**Prompt**
Every line below between the line holding "4 rectangles d'or" and the line holding "Women's Elvis Costume - costumes.com", inclusive, should be repeated exactly, and all other lines omitted.

**Provided information**
———
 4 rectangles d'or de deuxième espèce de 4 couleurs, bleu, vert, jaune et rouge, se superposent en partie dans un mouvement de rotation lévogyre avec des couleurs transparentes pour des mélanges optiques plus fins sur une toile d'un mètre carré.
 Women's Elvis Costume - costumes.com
———
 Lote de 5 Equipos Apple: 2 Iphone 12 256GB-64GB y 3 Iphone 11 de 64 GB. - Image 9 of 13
———
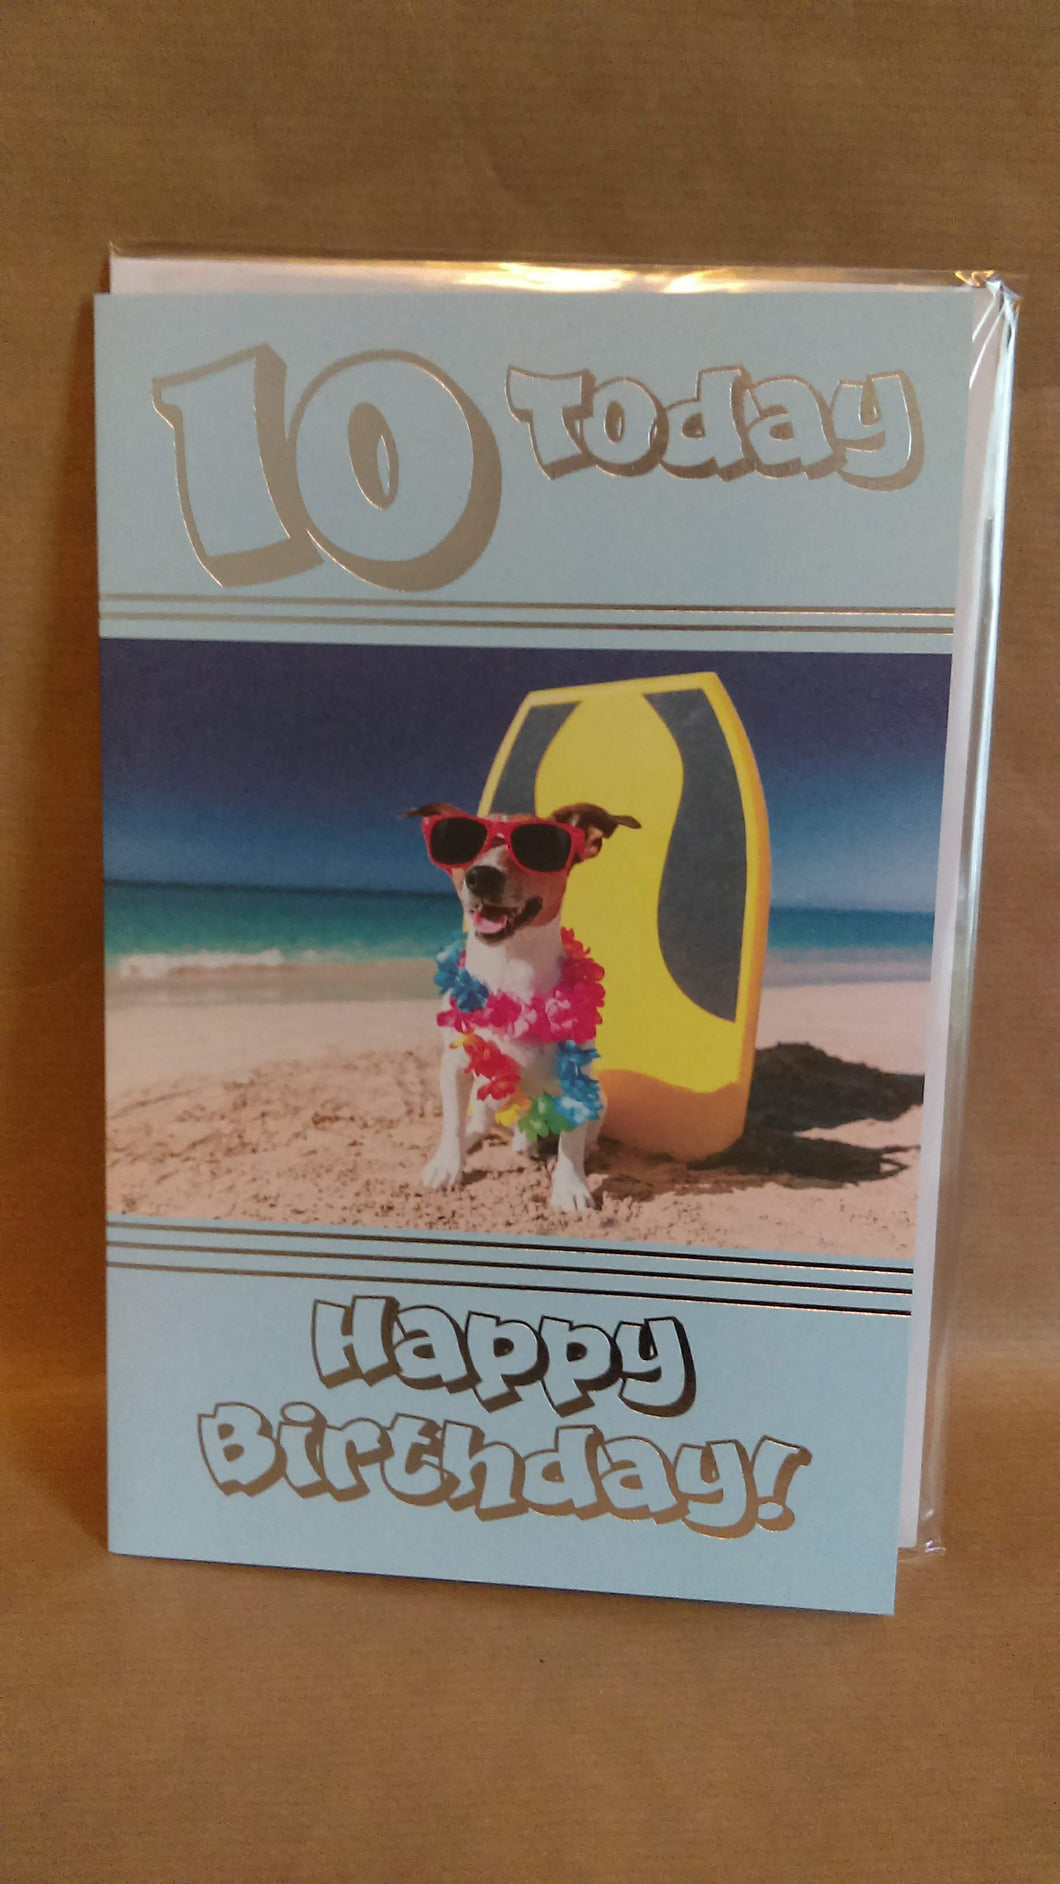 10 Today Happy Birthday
———
**Problem solution**
 4 rectangles d'or de deuxième espèce de 4 couleurs, bleu, vert, jaune et rouge, se superposent en partie dans un mouvement de rotation lévogyre avec des couleurs transparentes pour des mélanges optiques plus fins sur une toile d'un mètre carré.
 Women's Elvis Costume - costumes.com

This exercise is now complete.